Categorize Free-Text Bank Transaction Descriptions Using BERT | by Jin Cui | Jan, 2023


Expense by Category. Chart by author

I purchased a property towards the end of calendar year 2022 with a mortgage. Given the increase in financial commitments, I wanted to keep a tab on my expenses. It had never occurred to me prior to this point, that I actually had no idea where I have been spending the most. Figuring this out may be a good starting point for my own expense management.

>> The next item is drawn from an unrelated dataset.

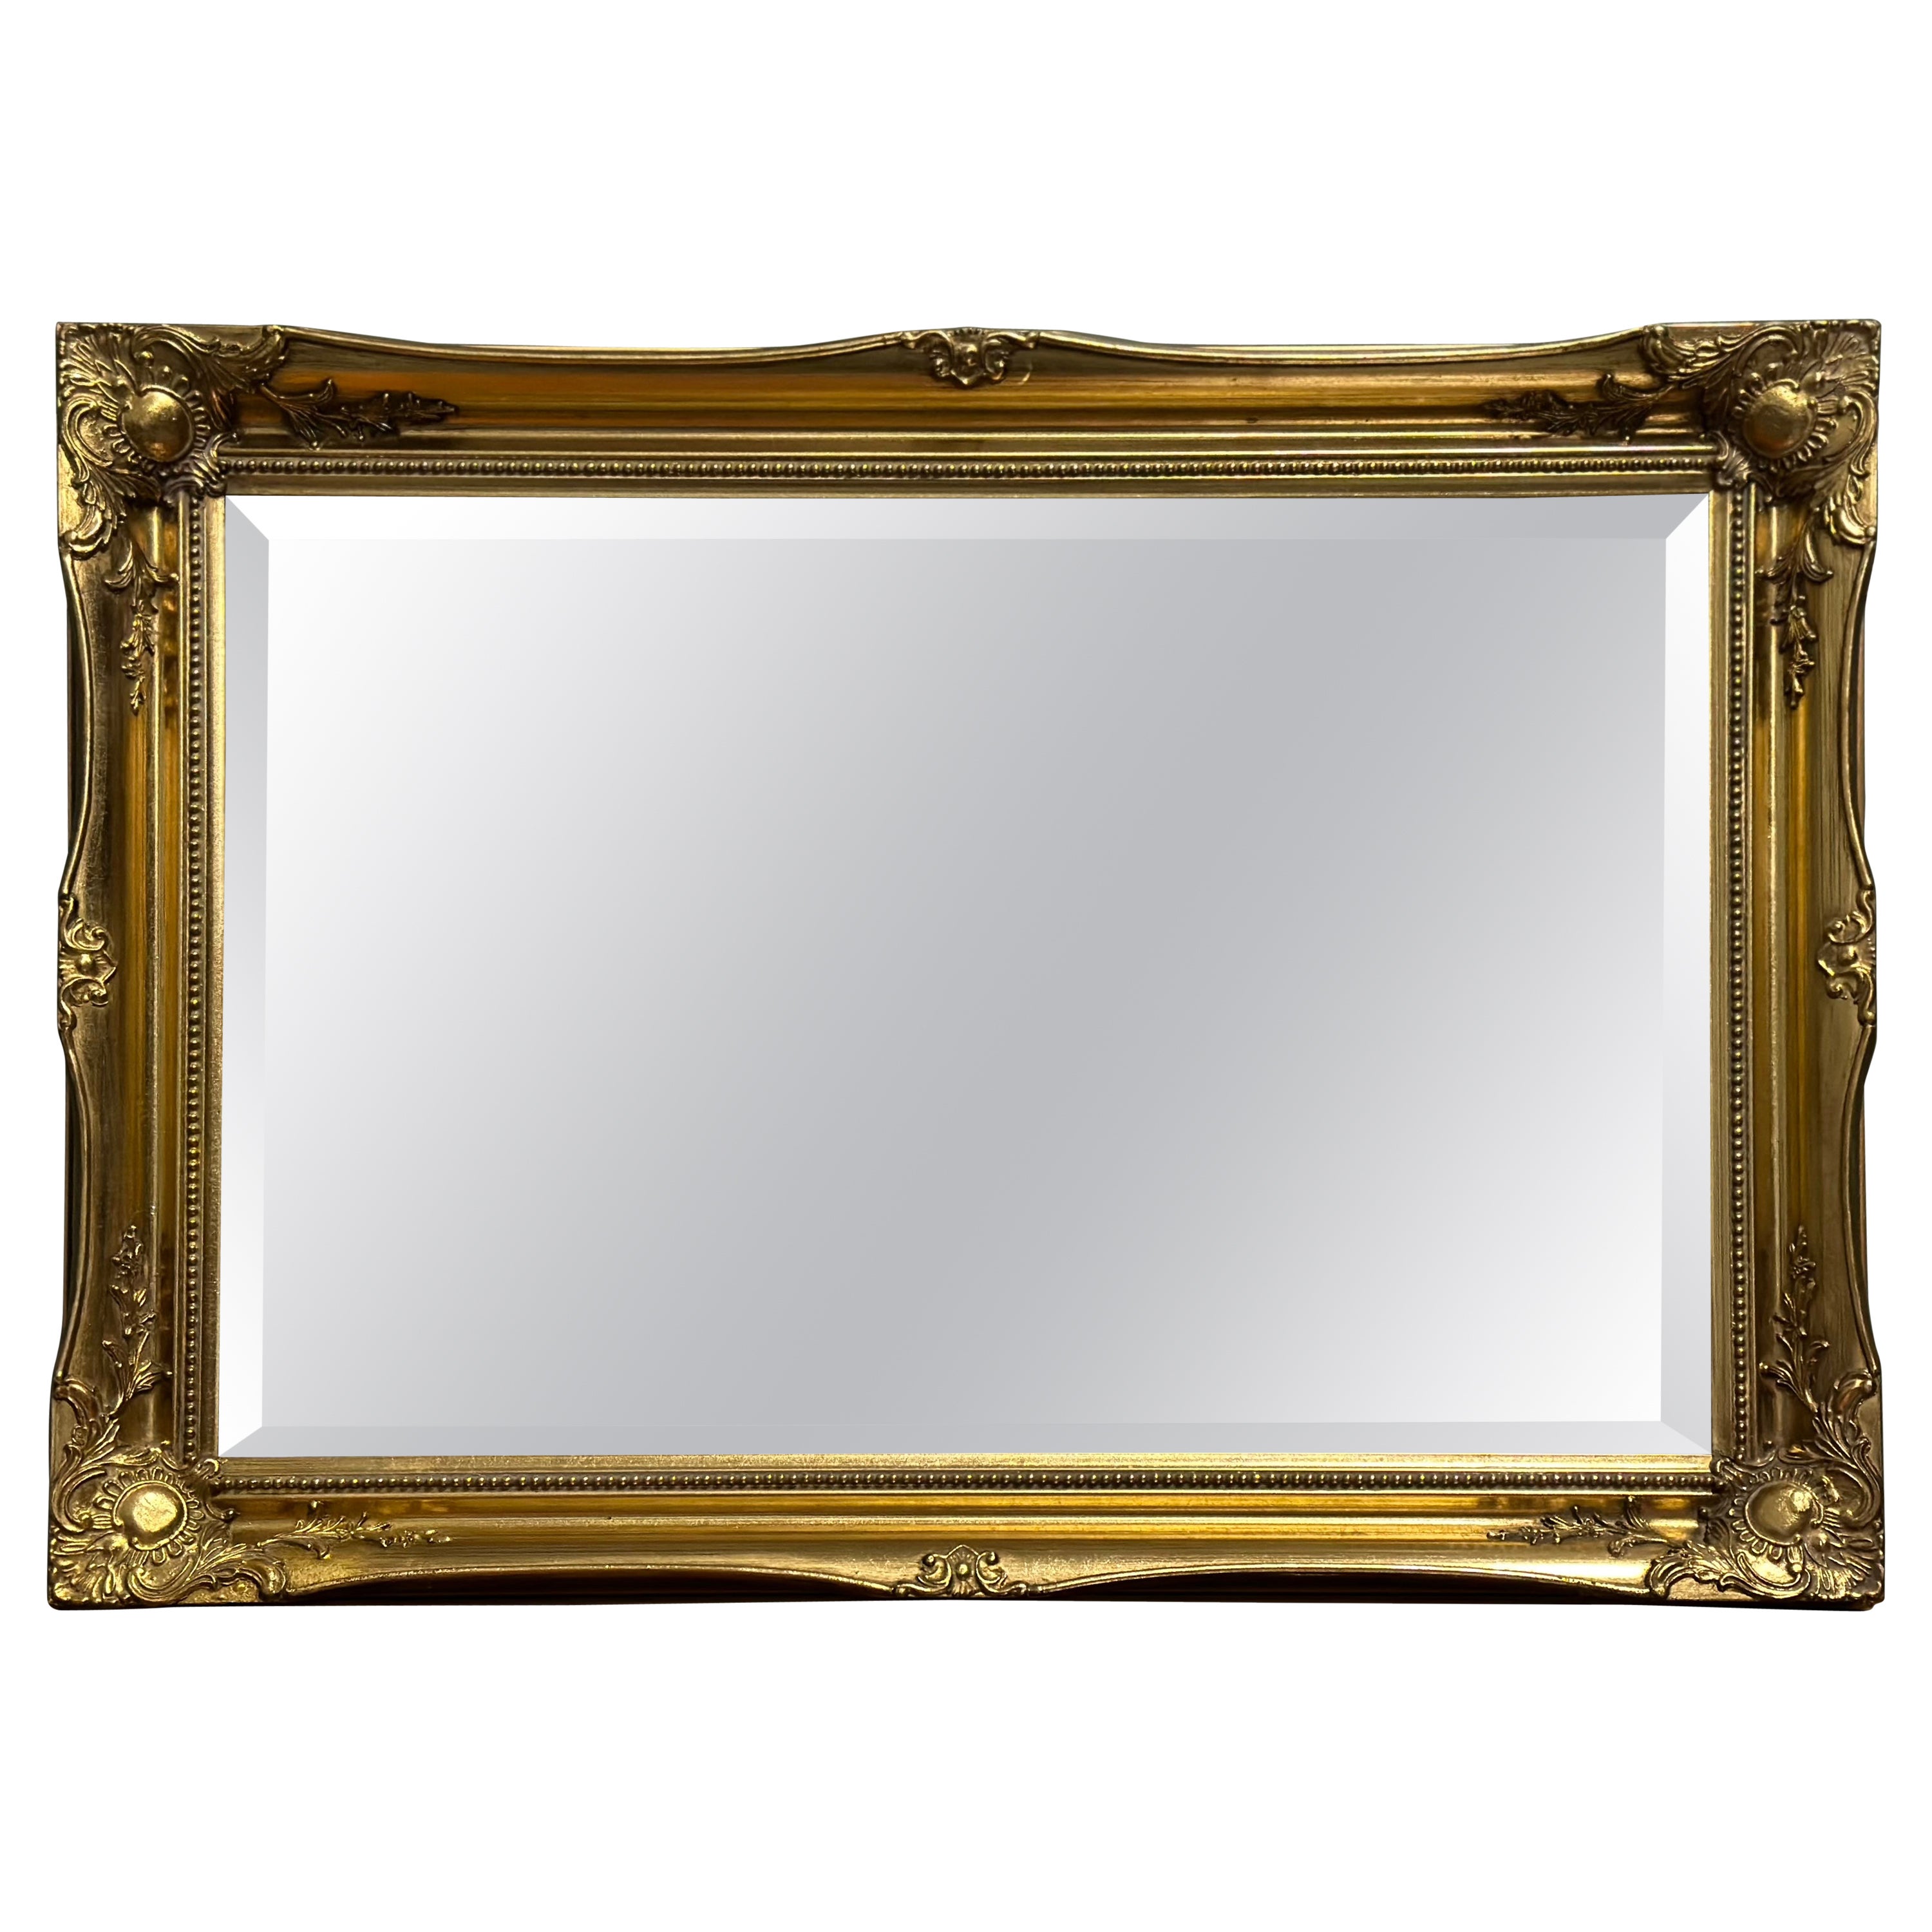 Vintage Golden Gilt Style Overmantel Wall Hanging Mirror For Sale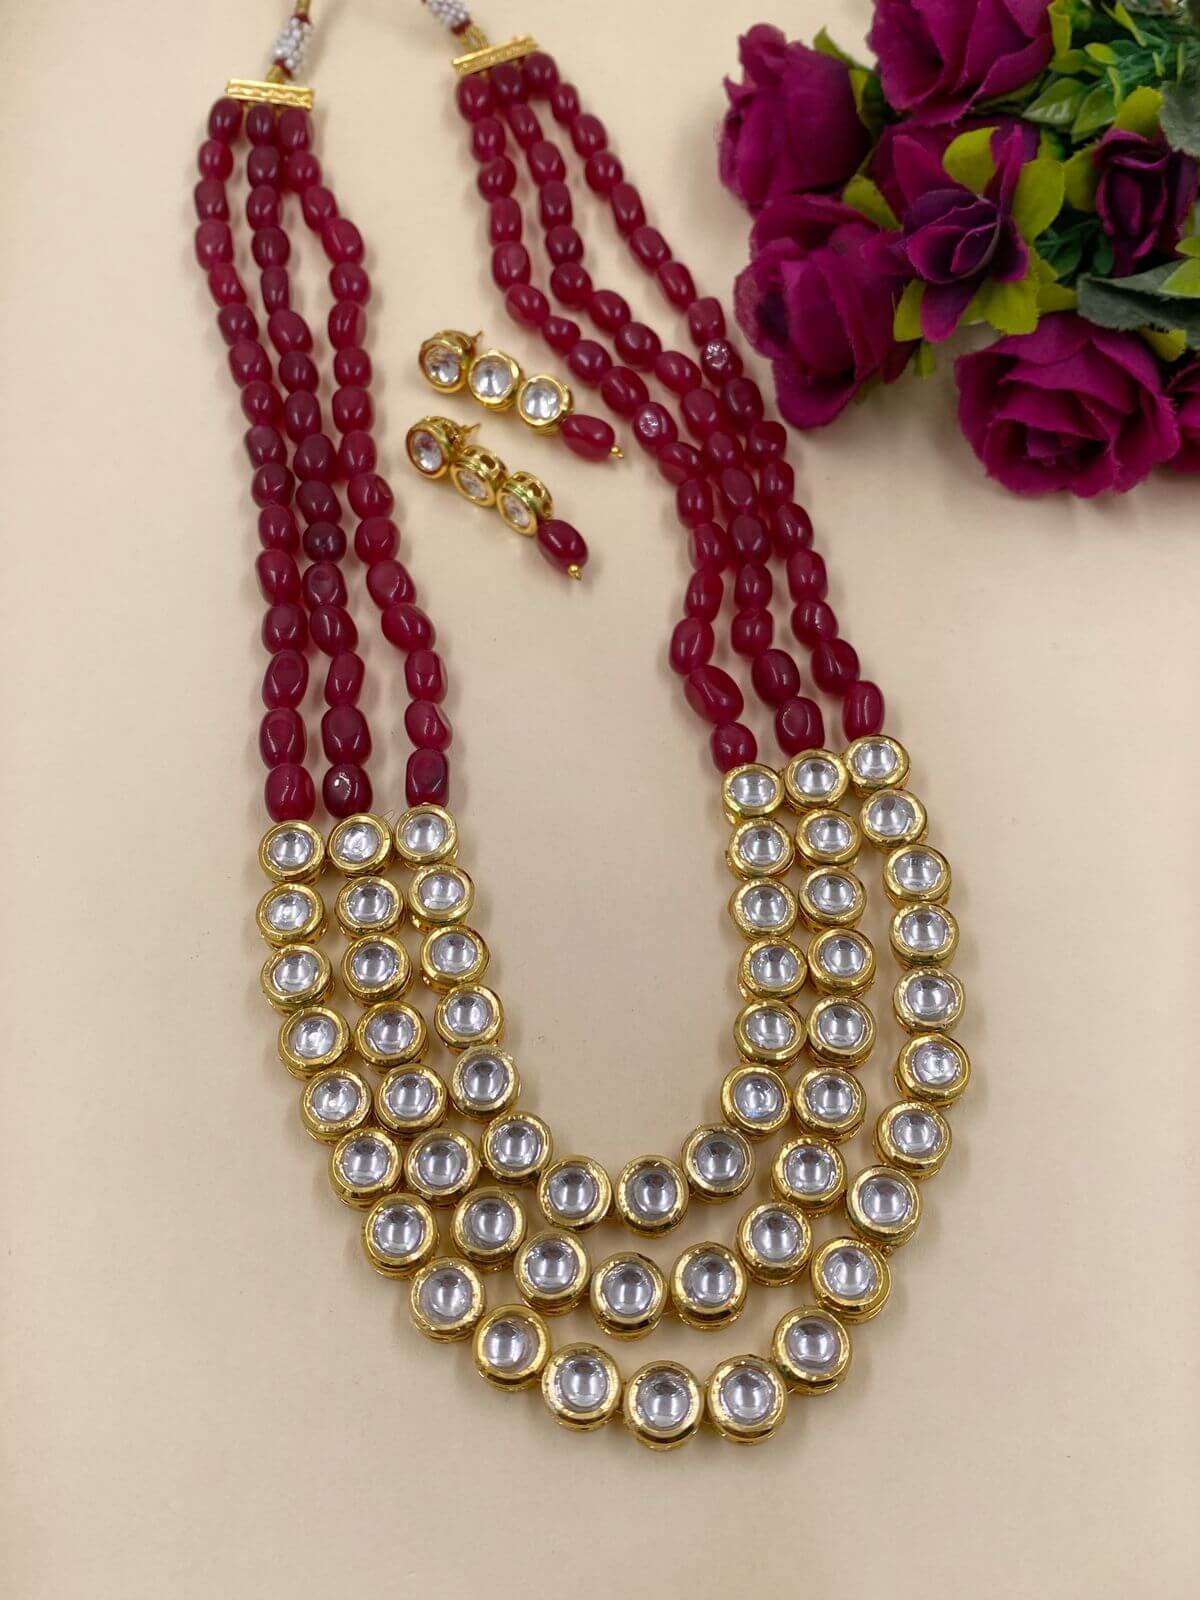 Yellow Opaque crystal beads necklace set with a white cz stone balls p –  Soyara Ethnics Studio

Naturally I turned to the bank transactions data which I downloaded from the online banking portal in a .csv format. A snippet of this for the last few days of 2022 is provided below.

Image 1: Writer’s bank transaction data. Image by author

Based on snippet above, it seems I spent proportionally more on food (as highlighted in green). More importantly, the transaction descriptions are free-text based, is there a way to automatically classify these into a number of pre-defined expense categories (e.g. food, grocery shopping, utilities and etc.)?

There is at least one way using pre-trained Large Language Models like BERT, and this article offers a tutorial as to how!

Whilst ChatGPT being a state-of-the-art Text Generation model is attracting a lot of attention at this time, it is generally not considered a General Purpose model — one such as BERT which can be used across multiple Natural Language Understanding tasks. Some examples of these are Grammar Detection, Sentiment Classification, Text Similarity, Q & A Inference and etc.

BERT was developed and released by Google in 2018. It’s a pre-trained model using text passages on Wikipedia and BookCorpus (to ensure the training data are grammatically sound).

The BERT model I’ll be using for the purpose of this tutorial is available on Hugging Face through the sentence_transformer library, which is a Python framework for creating sentence, text and image embeddings.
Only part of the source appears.